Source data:
☆ ☆ ☆

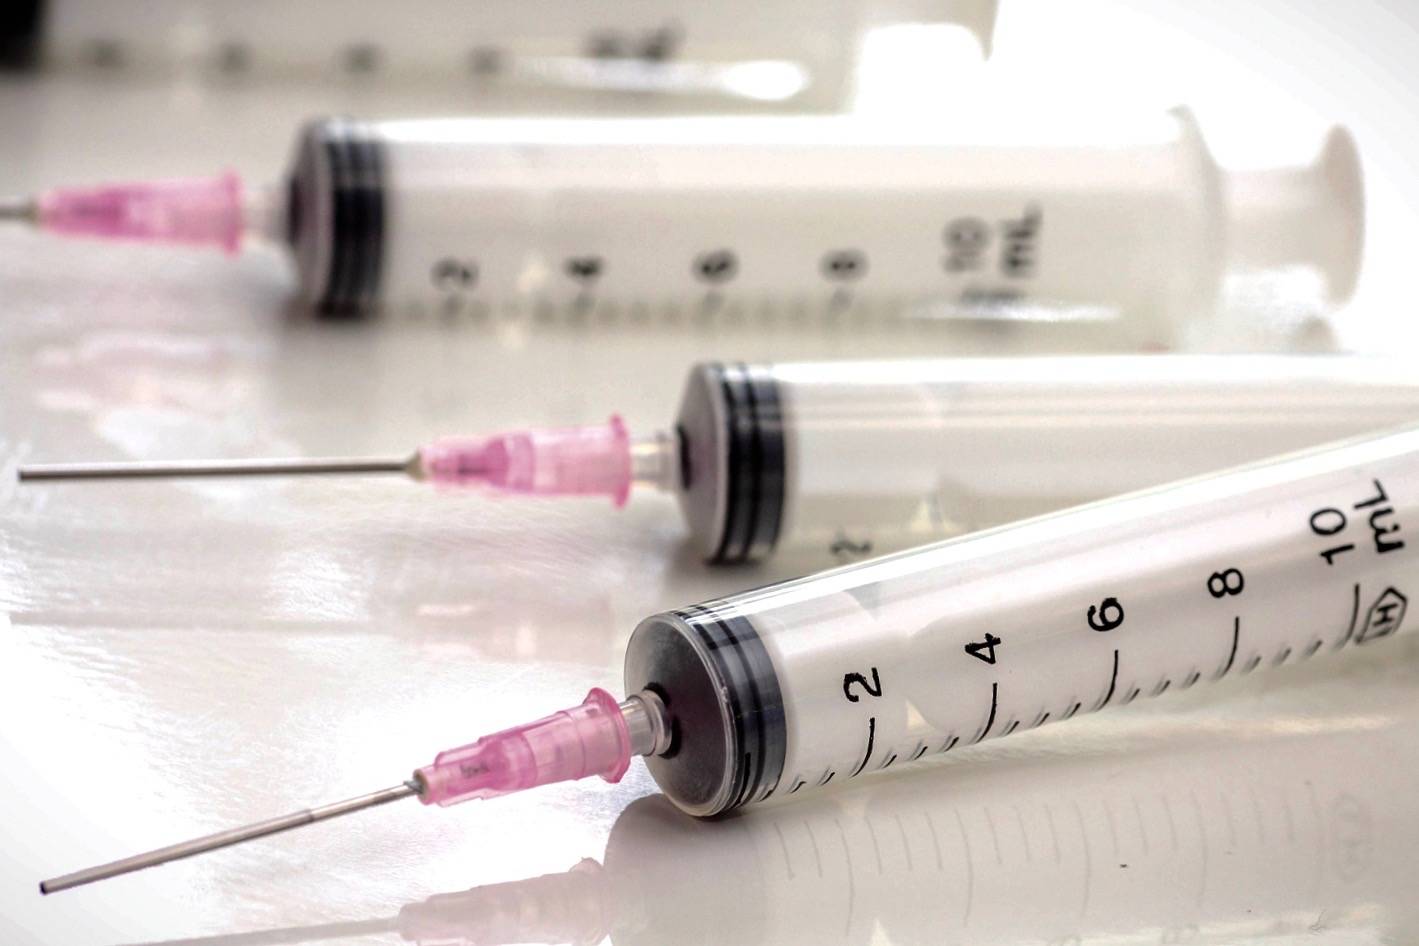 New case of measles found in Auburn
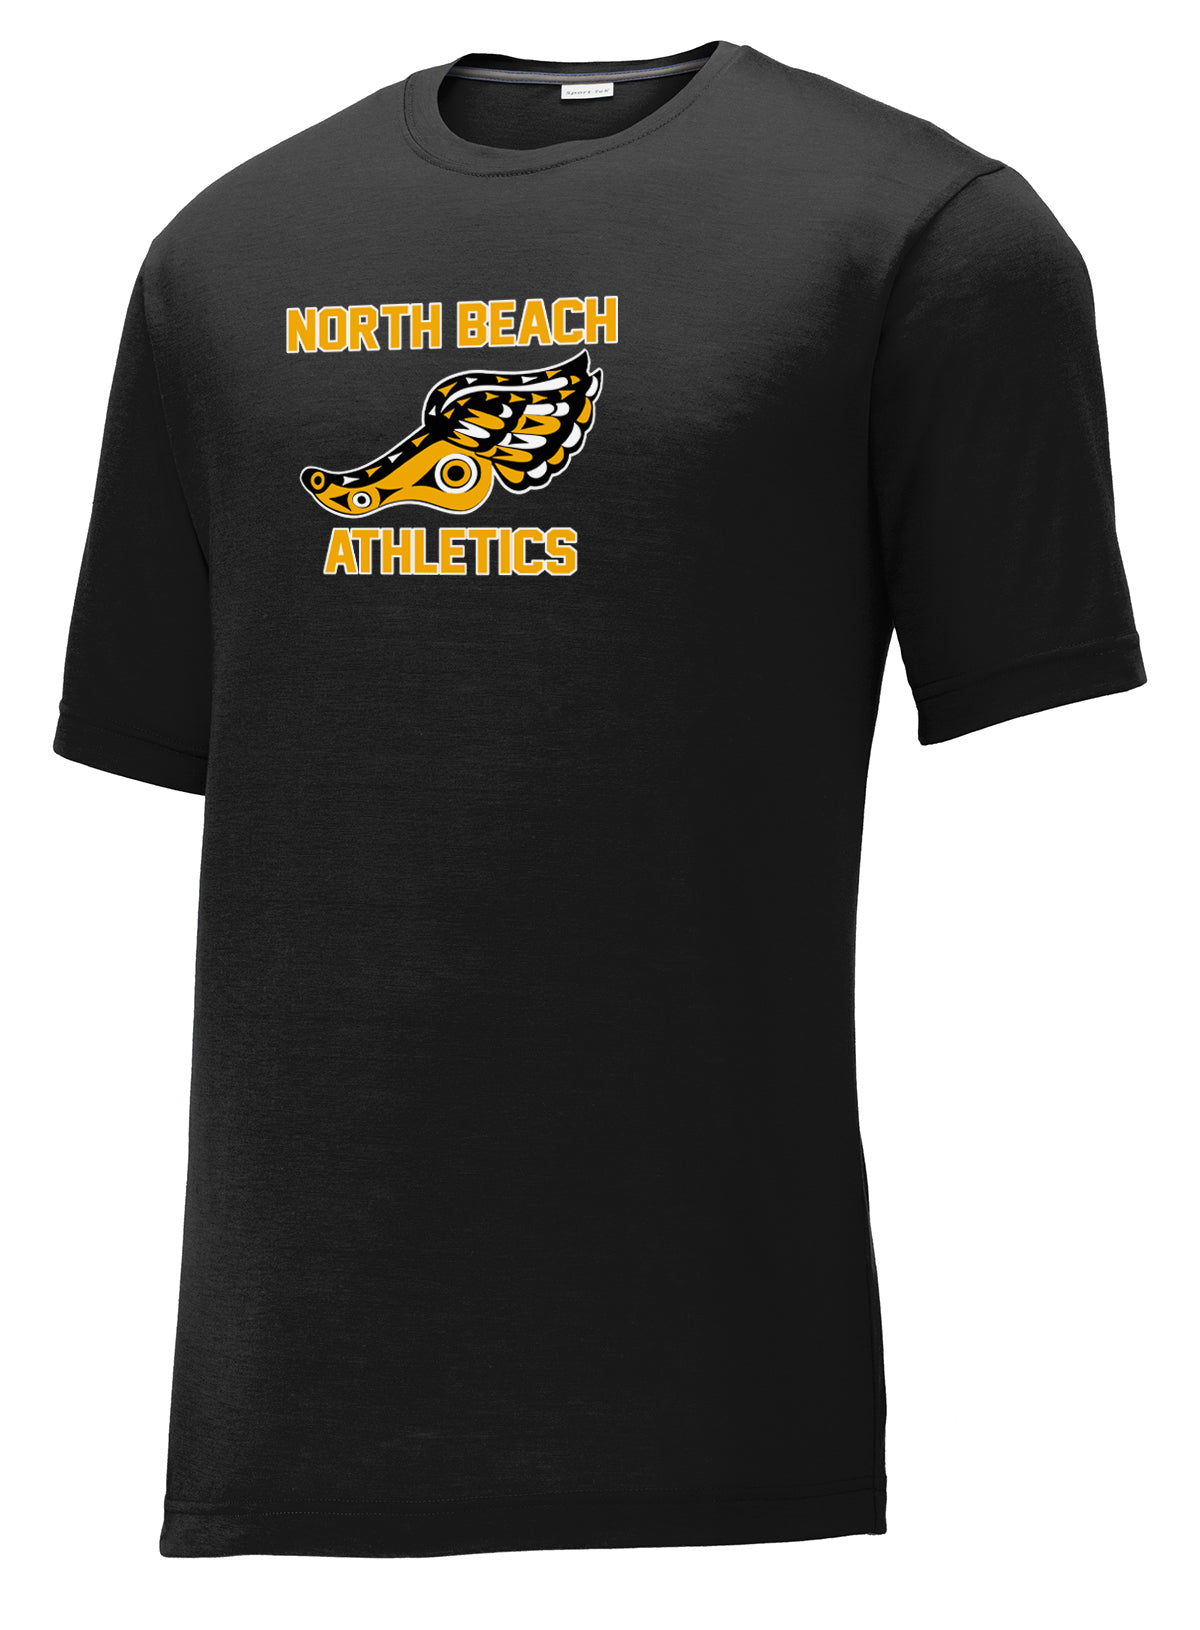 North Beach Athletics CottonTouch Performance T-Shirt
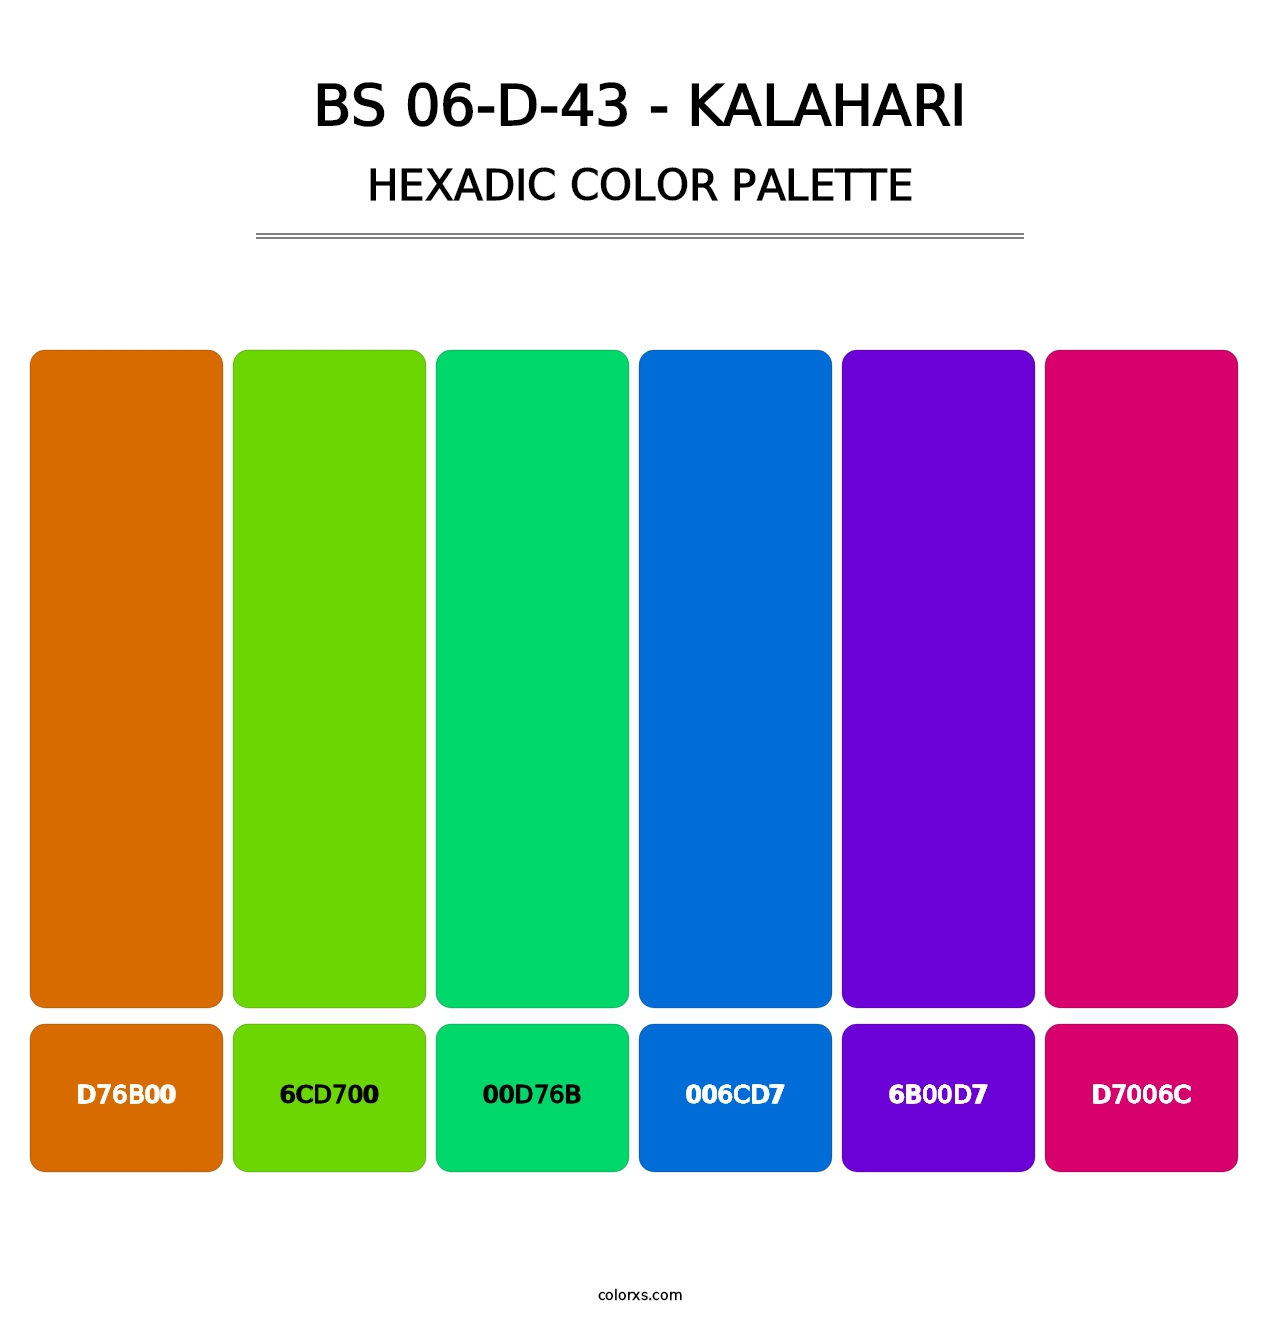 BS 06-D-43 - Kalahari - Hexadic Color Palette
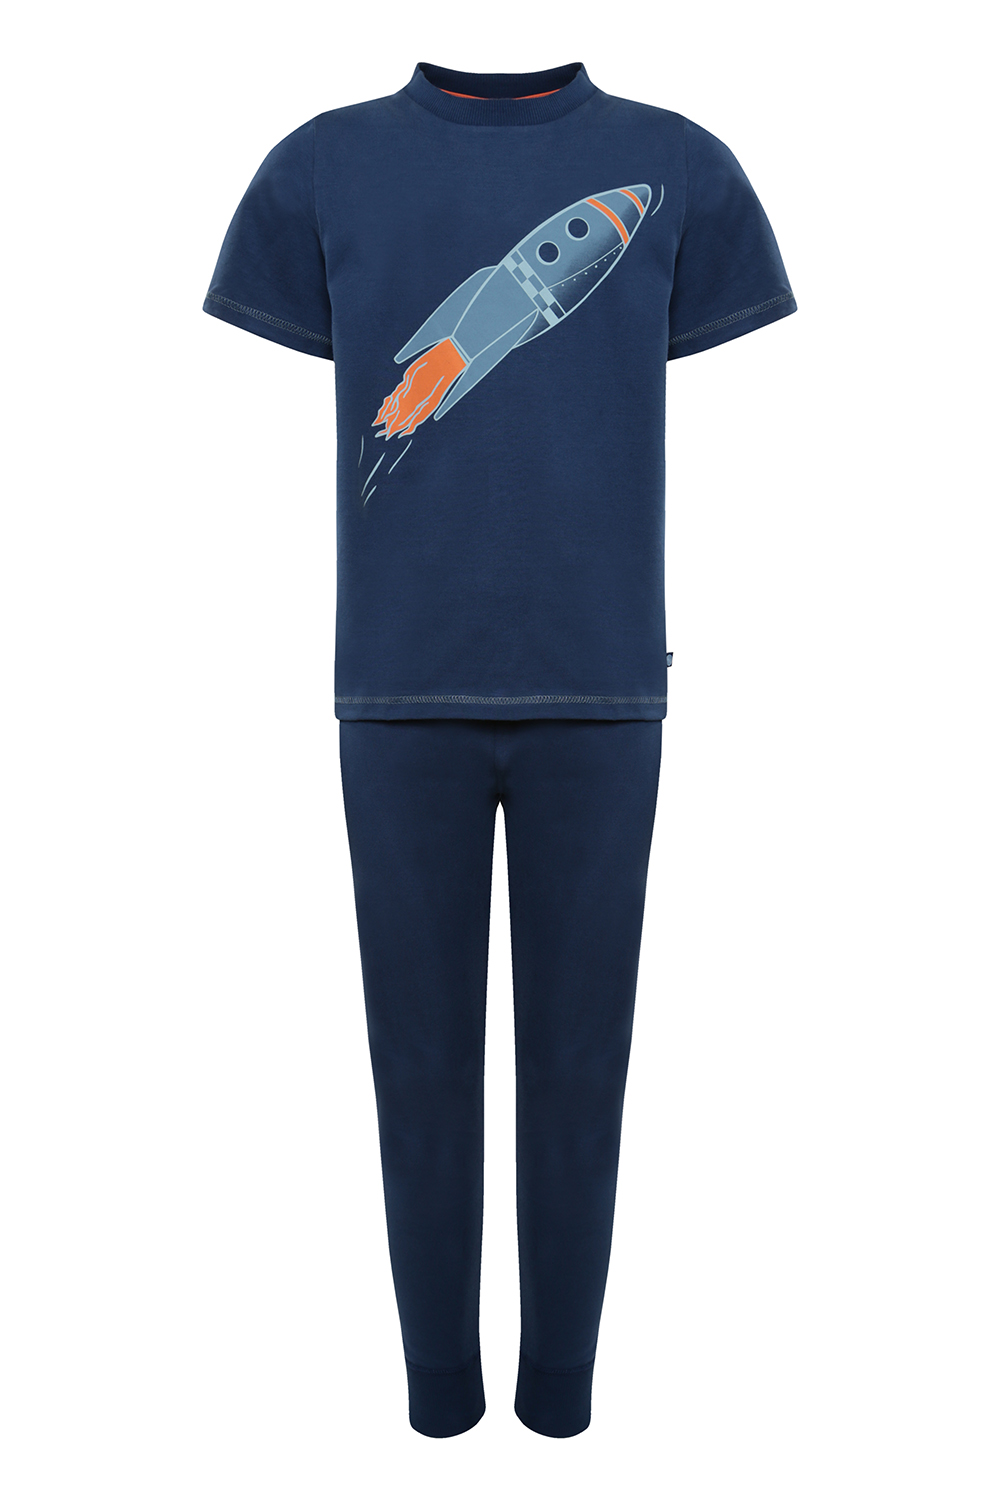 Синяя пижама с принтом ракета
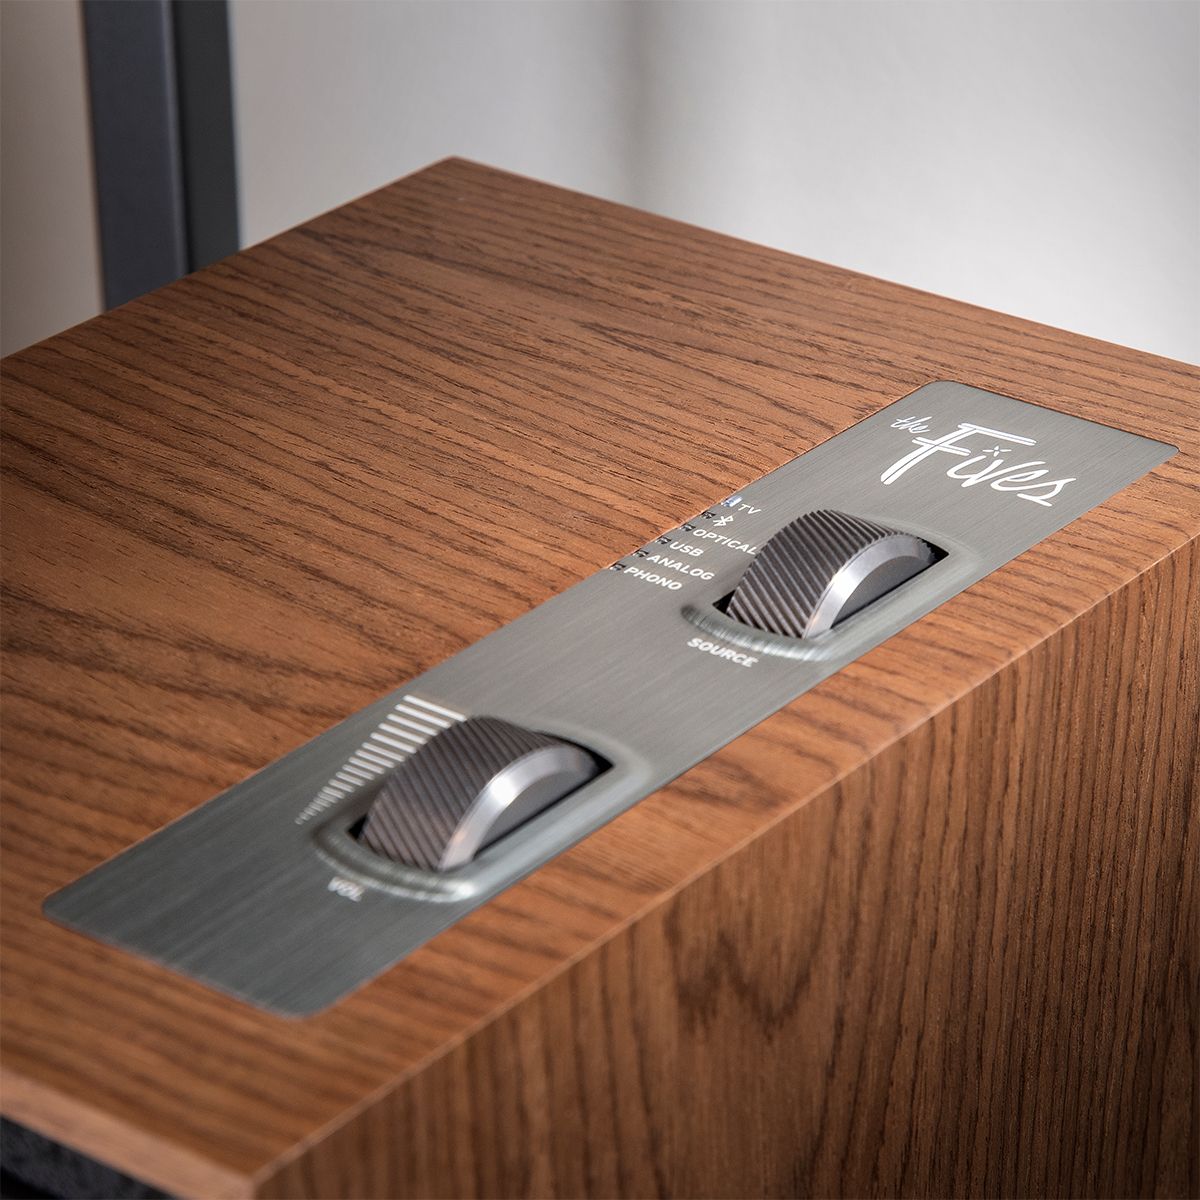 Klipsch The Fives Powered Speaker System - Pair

☆ ☆ ☆

**Exercise directions**
From the line holding "Синяя пижама с принтом ракета" down to the final line of the entries above, print every line exactly. Pictures do not go in.

**Expected answer**
 Синяя пижама с принтом ракета
 Klipsch The Fives Powered Speaker System - Pair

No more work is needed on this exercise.